In some aspects, for each of the plurality of image locations, the data structure associated with the image location may include a first binary marker value that indicates a positivity state of a first biomarker at the corresponding biological structure.

The non-transitory computer readable medium may further include instructions for causing one or more processors to perform operations including obtaining a second binary mask for the image, the second binary mask indicating, for each of the plurality of pixels, a corresponding state of a second binary membership value. The second binary mask may include a plurality of pixel membership values and a plurality of micro-tile membership values, each of the plurality of pixel membership values corresponding to a different one of the plurality of pixels and indicating the state of the second binary membership value for the pixel, and each of the plurality of micro-tile membership values corresponding to a different one of the plurality of micro-tiles and indicating the state of the second binary membership value for all of the pixels within a block of the image that corresponds to the micro-tile. In some aspects, the operations further include, for each of the plurality of image locations and based on information from the second binary mask, storing the state of the second binary membership value of a pixel that corresponds to the image location to the data structure that is associated with the image location.

The non-transitory computer readable medium may further include instructions for causing one or more processors to perform operations including, for at least a portion of the image, calculating a distance transform array, wherein each value of the distance transform array corresponds to a different respective pixel of the image and indicates a distance between the pixel and a closest among the plurality of image locations for which the first binary marker value indicates a first positivity state.

In some aspects, for each of the plurality of image locations, the data structure associated with the image location may include a second binary marker value that indicates a positivity state of a second biomarker at the corresponding biological structure.

The non-transitory computer readable medium may further include instructions for causing one or more processors to perform operations including storing values of the distance transform array that correspond to image locations for which the second binary marker value indicates a first positivity state. The operations may yet further include sorting the stored values in order of magnitude.

In some aspects, for each of the plurality of image locations, the data structure associated with the image location may include a first binary marker value that indicates a positivity state of a first biomarker at the corresponding biological structure. In such case, the operations may further include, for each of a plurality of overlapping tiles of the image, calculating a distance transform array that includes, for each pixel of the tile, a corresponding value that indicates a distance between the pixel and a closest among the plurality of image locations for which the first binary marker value indicates a first positivity state.

In some aspects, for each of the plurality of image locations, the data structure associated with the image location may include a second binary marker value that indicates a positivity state of a second biomarker at the corresponding biological structure, and each of the plurality of tiles may include an inner region that does not overlap the inner region of any other tile among the plurality of tiles. In such case, the operations may further include, for each of the inner regions, storing values of the distance transform array of the corresponding tile that correspond to image locations for which the second binary marker value indicates a first positivity state.
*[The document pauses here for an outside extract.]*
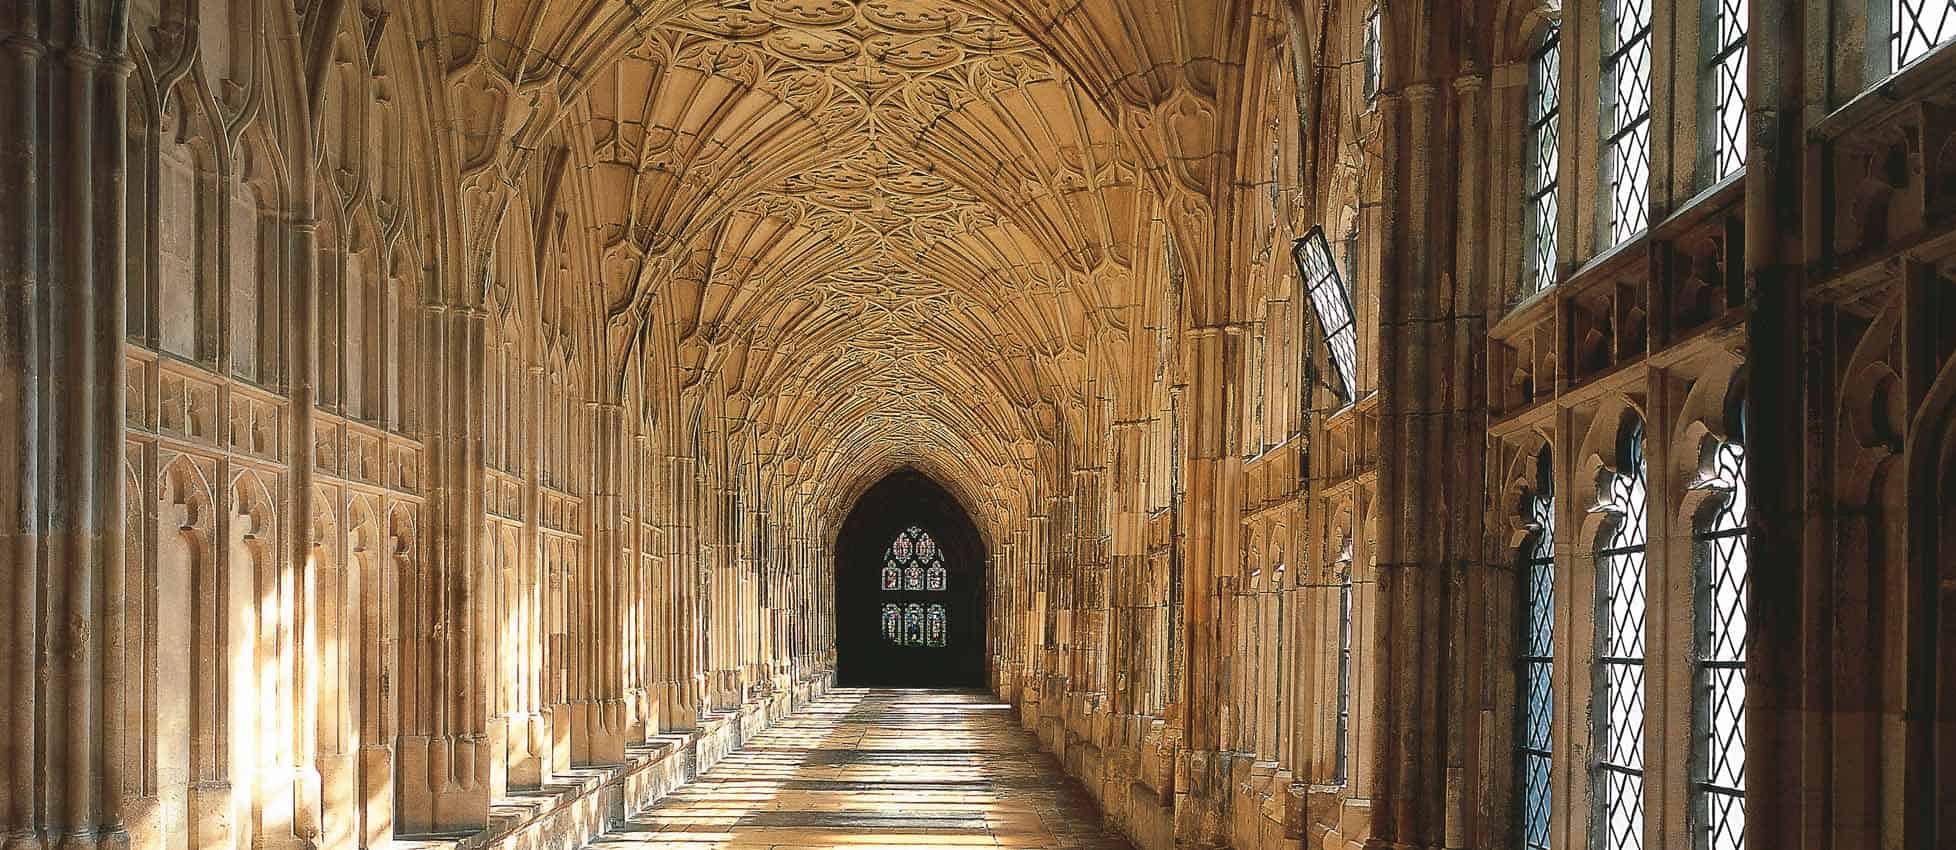 Gloucester Cathedral - The Association of English Cathedrals

In any of the various aspects of the non-transitory computer readable medium as, for example, set forth above, each of the plurality of biological structures may be a cell nucleus. Additionally or alternatively, the image may be a multiplexed immunofluorescence image having a plurality of channels.

Numerous benefits are achieved by way of the various embodiments over conventional techniques. For example, the various embodiments provide methods and systems that can be used effectively obtain data from large DP images (e.g., MPX images) and quickly process statistical analysis and calculations in and among such images. In some embodiments, a sparse segmentation mask allows for fast and accurate association of image locations with corresponding tissue types. In some embodiments, a two-level tile architecture supports multithreaded processing. In some embodiments, a bitmap data structure supports compression of relevant data for rapid (e.g., interactive) statistical and/or spatial analysis. In some embodiments, distance transform calculation over overlapping image regions supports efficient calculation of distances and distributions. These and other embodiments along with many of its advantages and features are described in more detail in conjunction with the text below and attached figures.

BRIEF DESCRIPTION OF THE DRAWINGS

The patent or application file contains at least one drawing executed in color. Copies of this patent or patent application publication with color drawing(s) will be provided by the Office upon request and payment of the necessary fee.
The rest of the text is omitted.